Silk sericin is a natural polymer that joins two SFs in order to form silk yarn. Despite certain literature reporting on the poor biocompatibility of biomaterials containing SS, the molecule is highly hydrophilic and its structural composition, solubility, and organization enable cross-linking and combination with other polymers. Kunz et al20 anecdotally reported that SS has antioxidant, moisturizing, proproliferative, and cell attachment properties (Table 2). It has also been reported that SS increases cell proliferation.21

With regard to the increase in cell attachment, Tsubouchi et al’s22 study on human skin fibroblasts cultured on sericin-coated Petri dishes reported an increase in living cell number count after 72 hours of 250% when compared with control. To study the antioxidant activity of SS, Chlapanidas et al23 measured reactive oxygen species (ROS)–scavenging activity and antityrosinase activity using the 2,2-diphenyl-2-picrylhydrazyl hydrate method and antityrosinase activity assay, respectively. They found that SS significantly and positively influenced ROS-scavenging activity and antityrosinase activity (P < .0001).

One of the main disadvantages of using SS-based polymers is the tendency to induce a hypersensitivity reaction. Altman et al,10 in their review of materials (mainly sutures with virgin silk), found that SS caused a type I hypersensitivity reaction as well as a delayed hypersensitivity reaction because it upregulated immunoglobulin E (IgE), causing an asthmatic reaction in some patients. A prospective cohort study in India reported a high sensitivity to silk filature among workers.24 A skin prick test was used to determine silk allergen sensitization; of the 120 participants who were exposed to SS, 35 of them (29.17%) were sensitive to it.
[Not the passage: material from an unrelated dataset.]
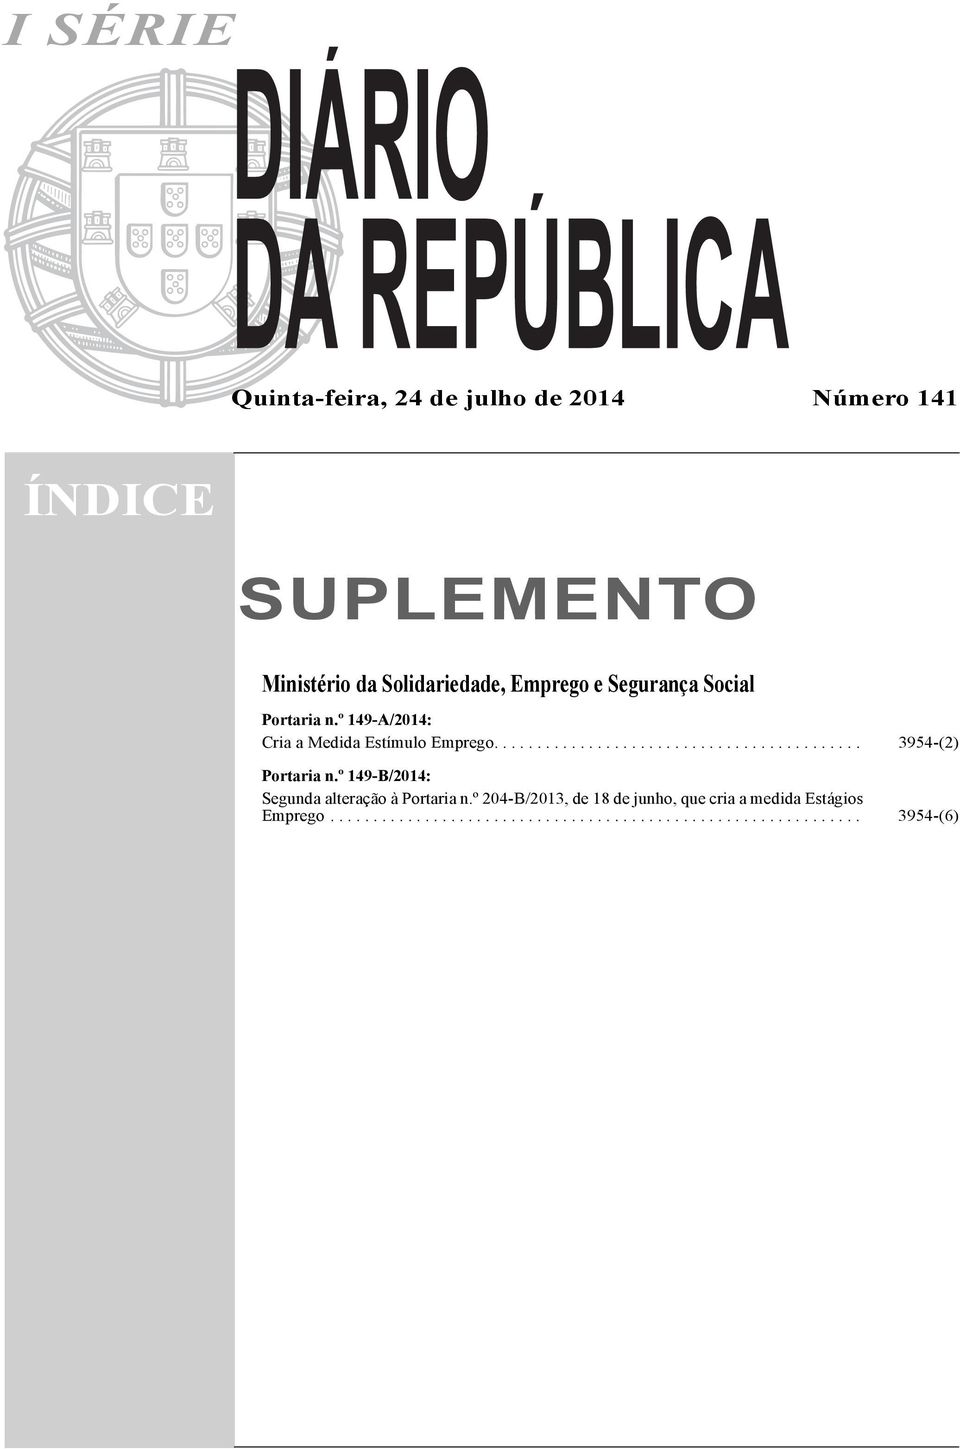 º 149-B/2014: Segunda alteração à Portaria n.

In a case study by Wen et al,25 the same skin prick test was done in 64 children younger than 15 years. It was discovered that 75% of them had an upregulation of IgE as well as signs of a delayed hypersensitivity reaction such as allergic rhinitis and conjunctivitis. In an earlier study by Dewair et al,26 there was an upregulation of IgE after a skin patch test in human subjects; materials used were a silk rug and silk material that contained a high percentage of sericin. Sobajo et al’s4 review of silk-based biomaterials anecdotally stated that sericin caused an up-regulation of IgE in surgical patients as well as a type I hypersensitivity reaction.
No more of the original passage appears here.